I’m working with a dataset where I need to drop some columns which contain only NULL
values. The issue is that the column names are not consistent or similar, and can change with time. I was wondering if there is a way in ADF to drop a column if all instances are NULL
without having drifted columns?
I have tried unpivoting, removing rows, then re-pivoting, however after I pivot the data back to its original format, I get the following message:
"This drifted column is not in the source schema and therefore can only be referenced with pattern matching expressions"
The drifted columns don’t seem to join on subsequent join functions. I have also tried setting derived columns with regex column patters to make all the drifted columns explicit, however, the byName()
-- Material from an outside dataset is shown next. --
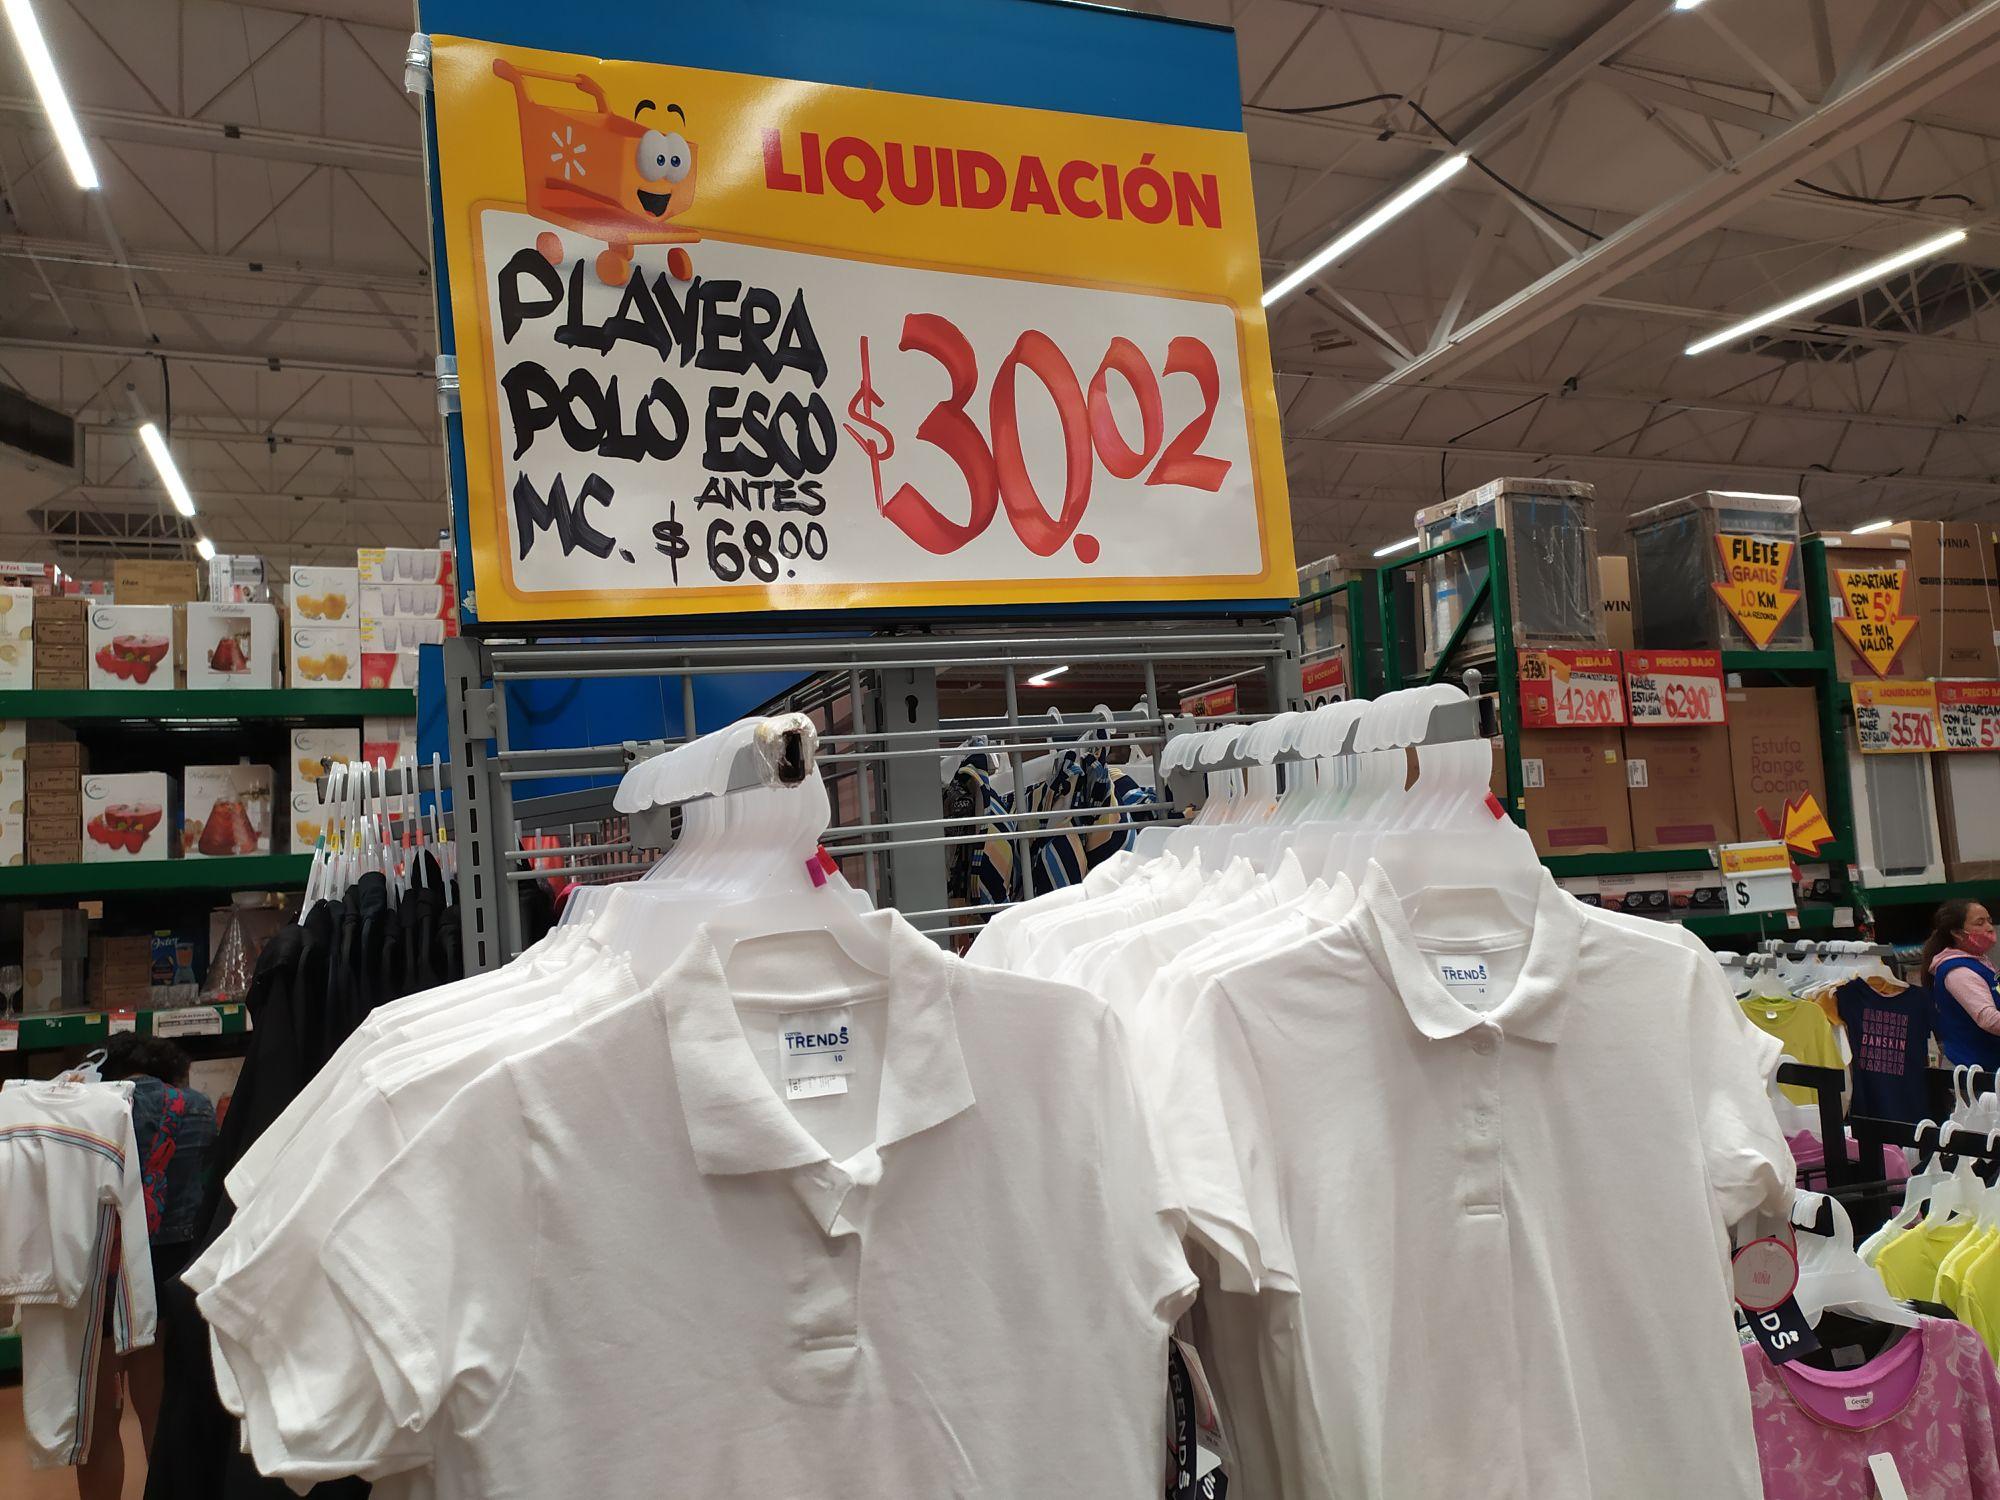 Walmart: Playera Polo Escolar Todas Las Tallas En Liquidacion.

function doesn’t seem to work with the $$
syntax; namely:
toString(byName($$))
Any ideas of how to solve this within Azure Data Factory – Data Flows would be very much appreciated!
2
Answers
If the source column names will change, then you have to use column patterns. When you match columns based on patterns, you can project those into columns using the Select transformation. Use the rule-based mapping option in the Select transformation with true() as the matching expression and $$ as the Name As property like this:
I have used combination of both data factory pipeline activities and dataflow to achieve the requirement.
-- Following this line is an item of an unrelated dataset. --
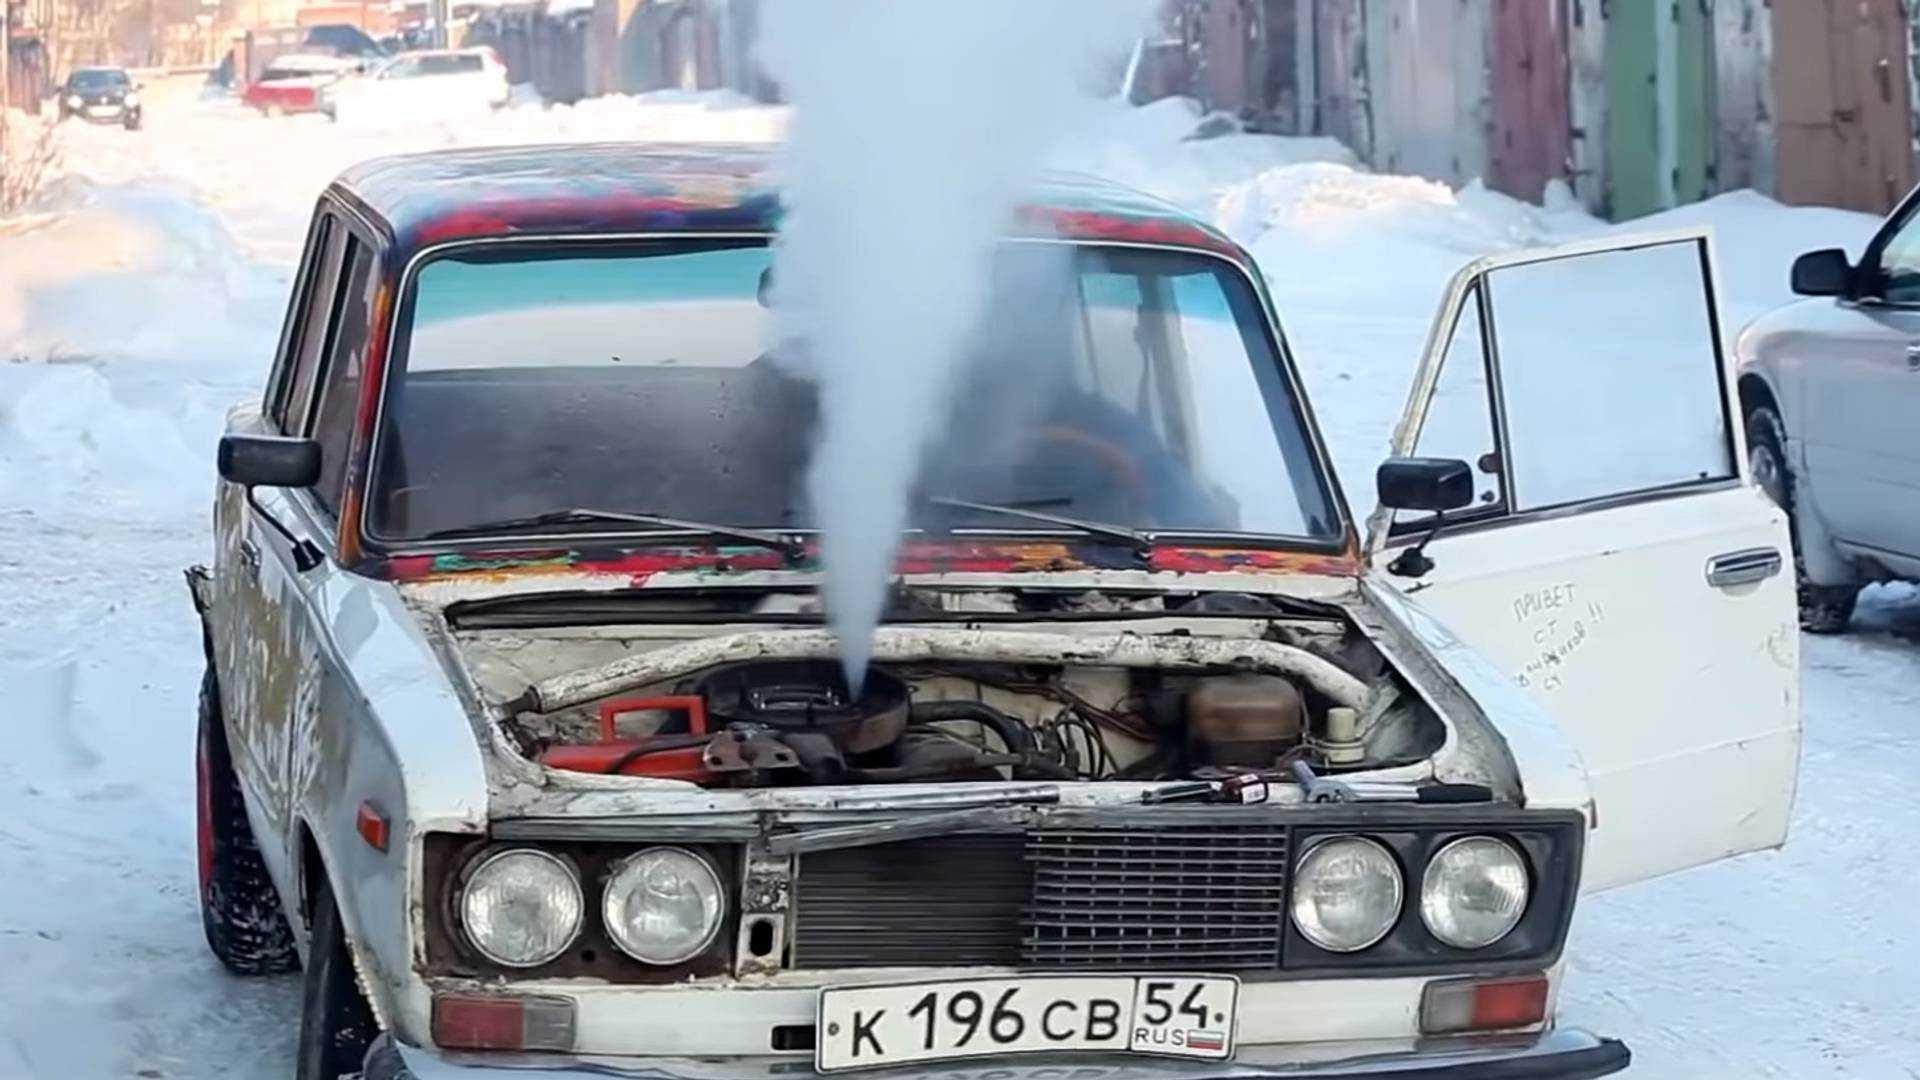 Poor Old Lada's Engine Feeds On Salt, Coke, And Vegetable Oil

First, I have taken dataflow to output a file. I have added a new column with all values as
1
so that I can use aggregate on all other rows using this new column to group.I have used collect() to create an array for each of the column where group by is on above created column.
In pipeline2, I have used activities to get columns that are not entirely nulls, create a dynamic schema and then use this schema as mapping and write to a file only the required columns.
First, I have read the file written at the end of dataflow without header (even though the file has header). The dataset looks as shown below:
NOTE: In the copy data activity, the source is the original file.